- **ASSIGNMENT**: Copy out the whole listing exactly as written, leaving the pictures behind.

- **THE DATA**:
+ + +
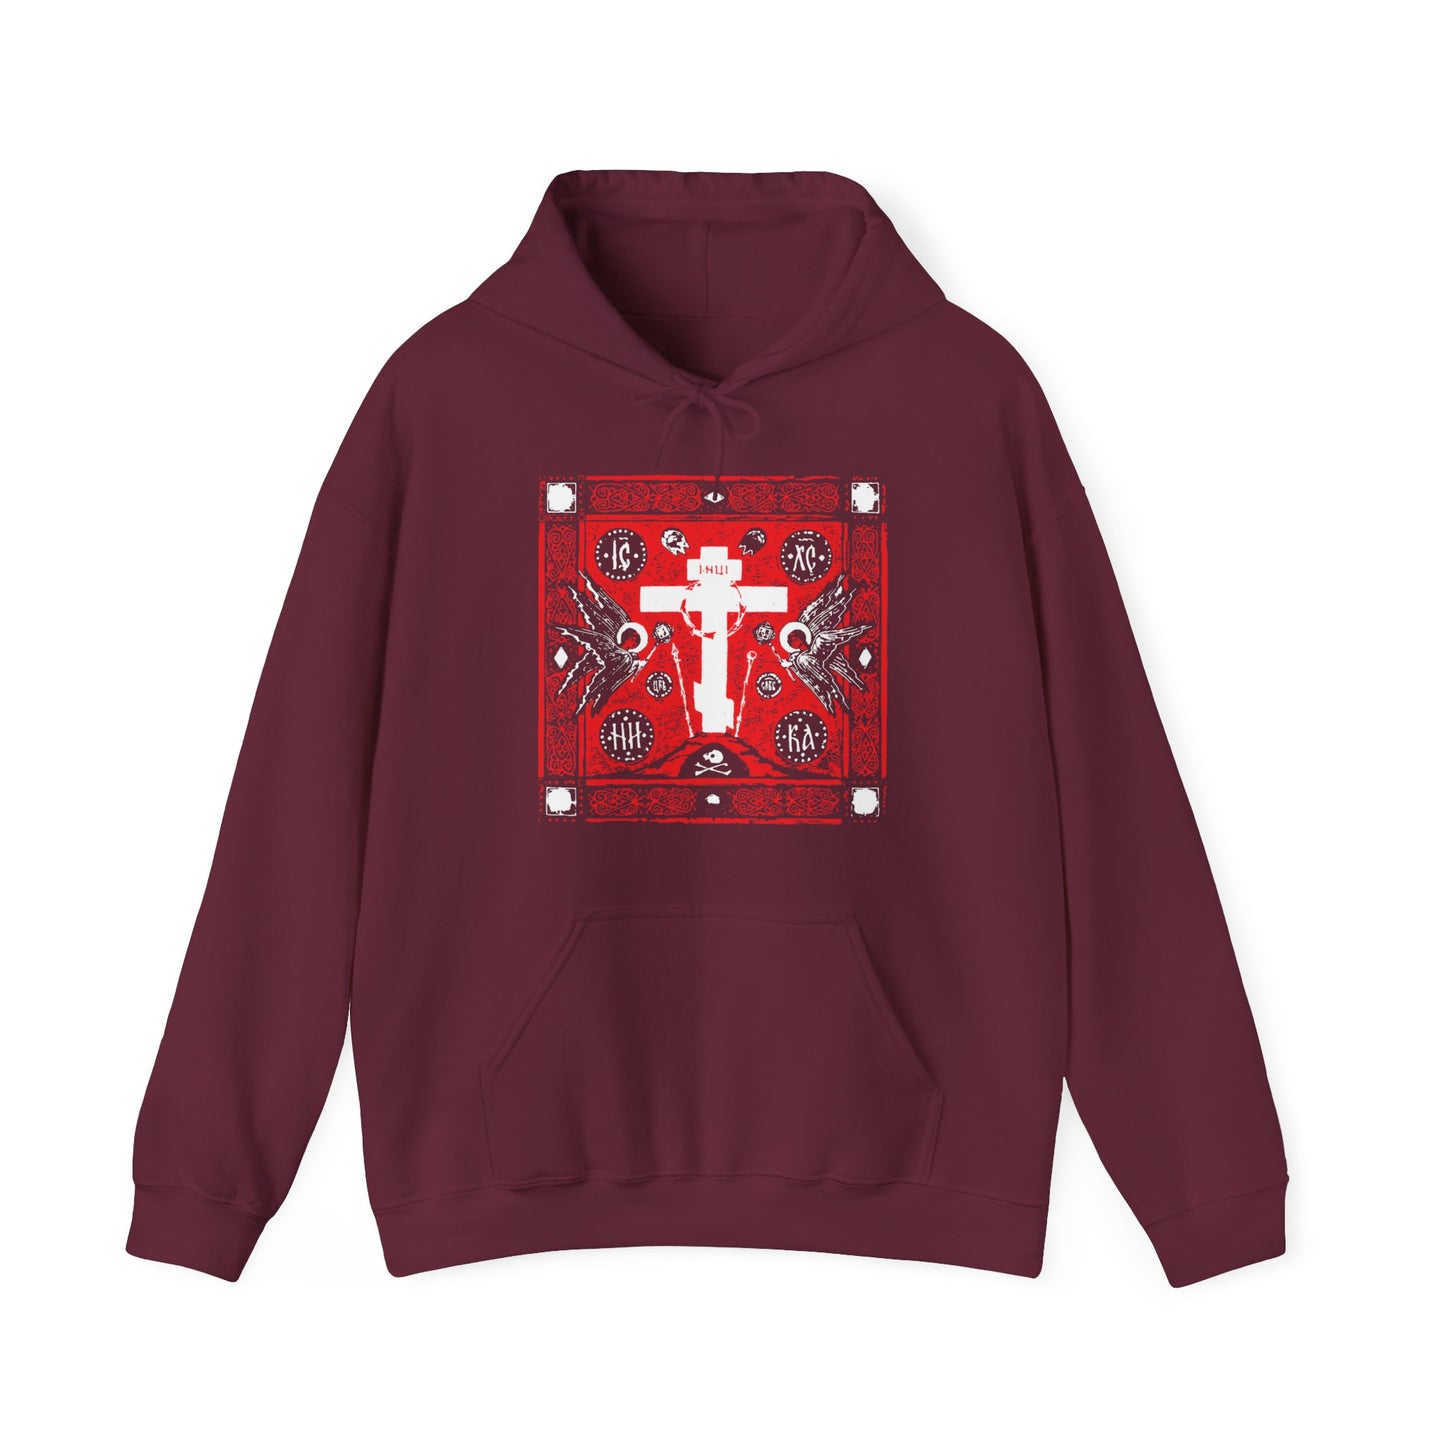 Adoration of the Holy Cross No. 1 | Orthodox Christian Hoodie / Hooded Sweatshirt
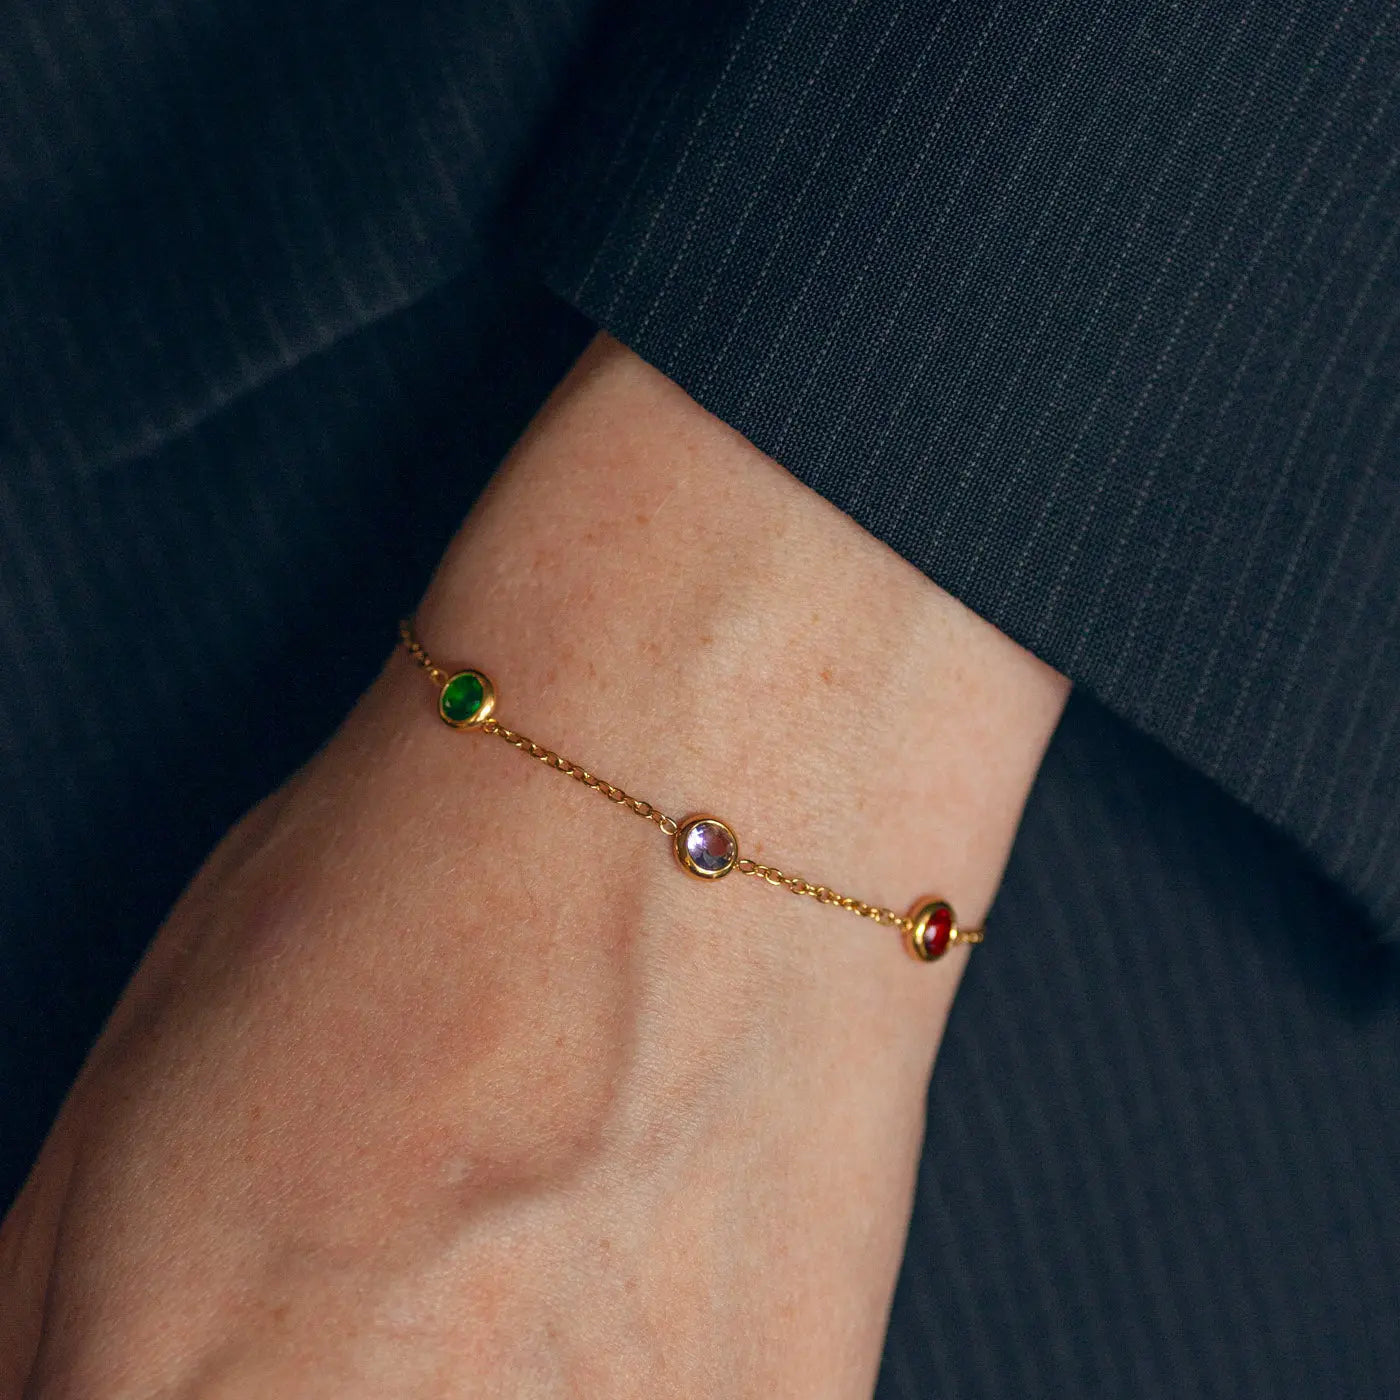 Michelle - Bracelet chaîne en cristal multicolore en acier inoxydable
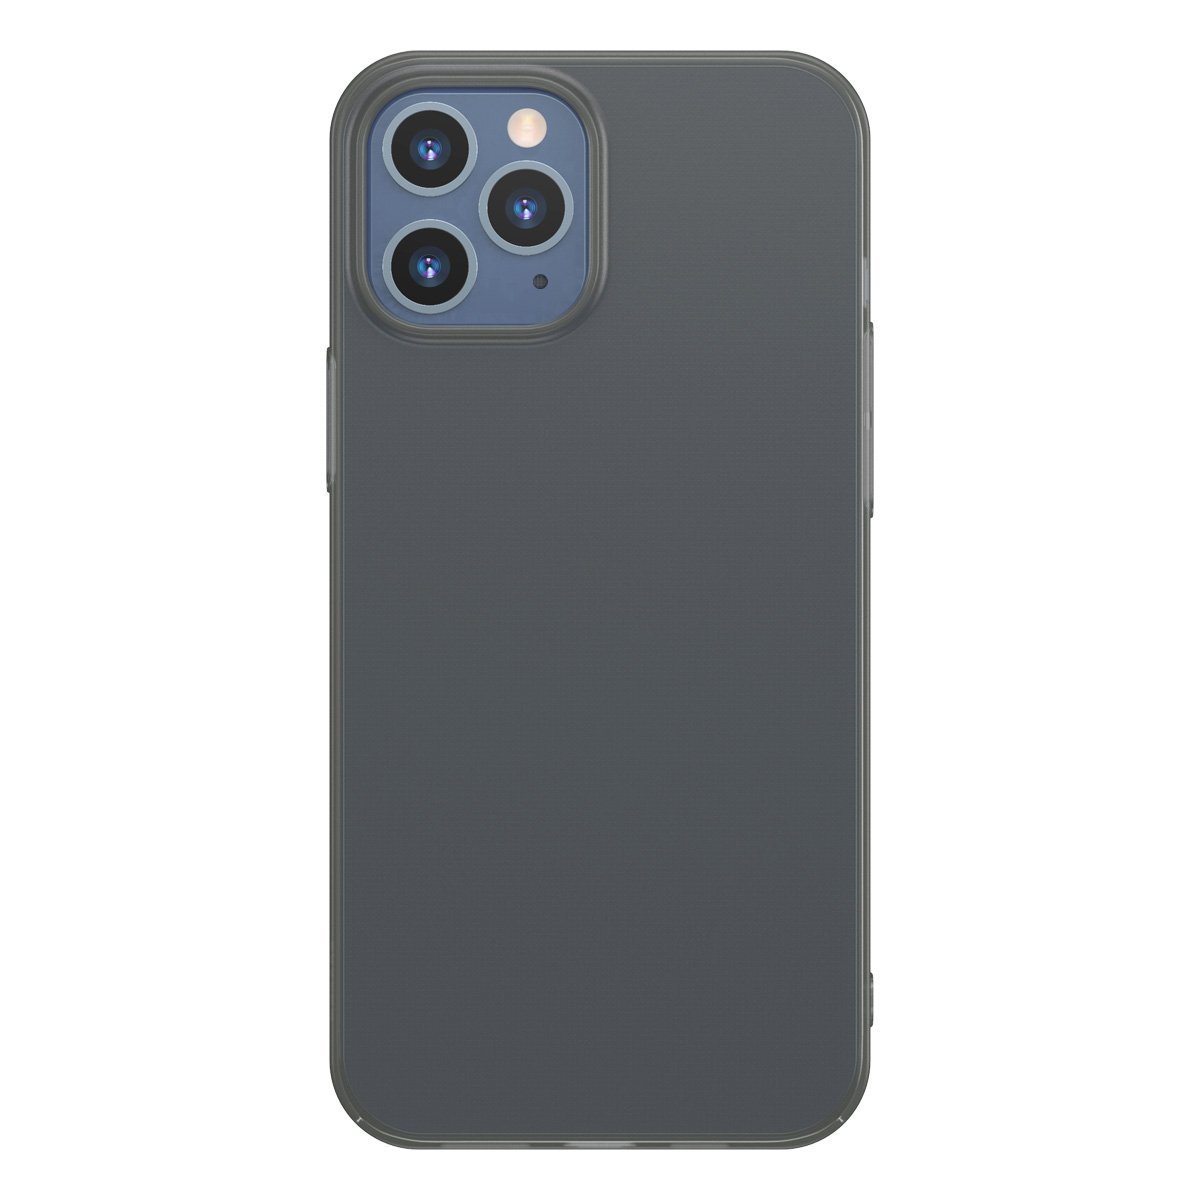 Husa Apple iPhone 12 Pro Max, Baseus Comfort Case, Negru, 6.7 inch imagine
+ + +
- **OUTPUT OF THE TASK**:
 Adoration of the Holy Cross No. 1 | Orthodox Christian Hoodie / Hooded Sweatshirt
 Michelle - Bracelet chaîne en cristal multicolore en acier inoxydable
 Husa Apple iPhone 12 Pro Max, Baseus Comfort Case, Negru, 6.7 inch imagine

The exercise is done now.